The concatenate() function in Python is used to concatenate or join a sequence of input arrays along an existing axis.

Syntax

numpy.concatenate((a1, a2, ...), axis=0, out=None, dtype=None, casting="same_kind")
Syntax for the numpy.concatenate() function

Parameter value

The concatenate() function takes the following parameter values.

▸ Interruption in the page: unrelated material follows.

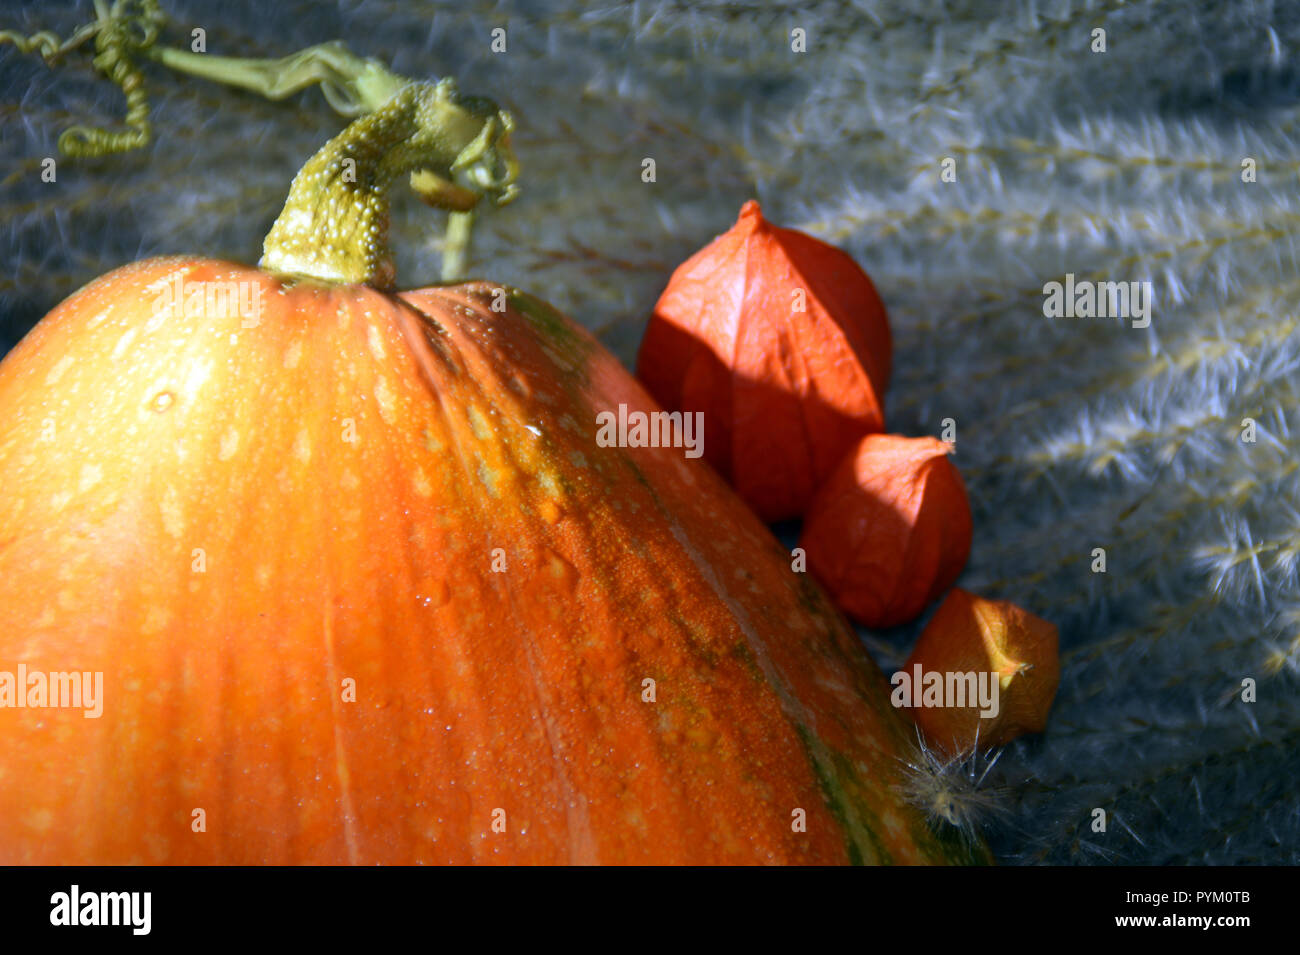 Autumn harvest - physalis flowers and orange pumpkin. Stock Photo

  • (a1, a2, ...): These are the input arrays to be concatenated. This is a required parameter.
  • axis: This is the given axis along which the input arrays will be joined. This is an optional parameter.
  • out: This is the destination path for the result. This is an optional parameter.
  • dtype: This is the data type of the desired output array. The value can be inferred from the data type of the input arrays. This is an optional parameter.
  • casting: This controls the kind of datacasting that may occur. This is an optional parameter.

Return value

The concatenate() function returns the concatenated array.

Example

import numpy as np
# creating input arrays
a = np.array([[1, 2, 3], [4, 5, 6]])
b = np.array([[7, 8, 9]])
# concatenating the arrays
myarray = np.concatenate((a,b), axis=0)
# printing the concatenated array
print(myarray)

Explanation

  • Line 1: We import the numpy module.
  • Lines 3–4: We create input arrays, a and b, using the np.array() function.
  • Line 7: We concatenate the input arrays using the np.concatenate() function. The result is assigned to a variable, myarray.
  • Line 10: We print the concatenated array, myarray.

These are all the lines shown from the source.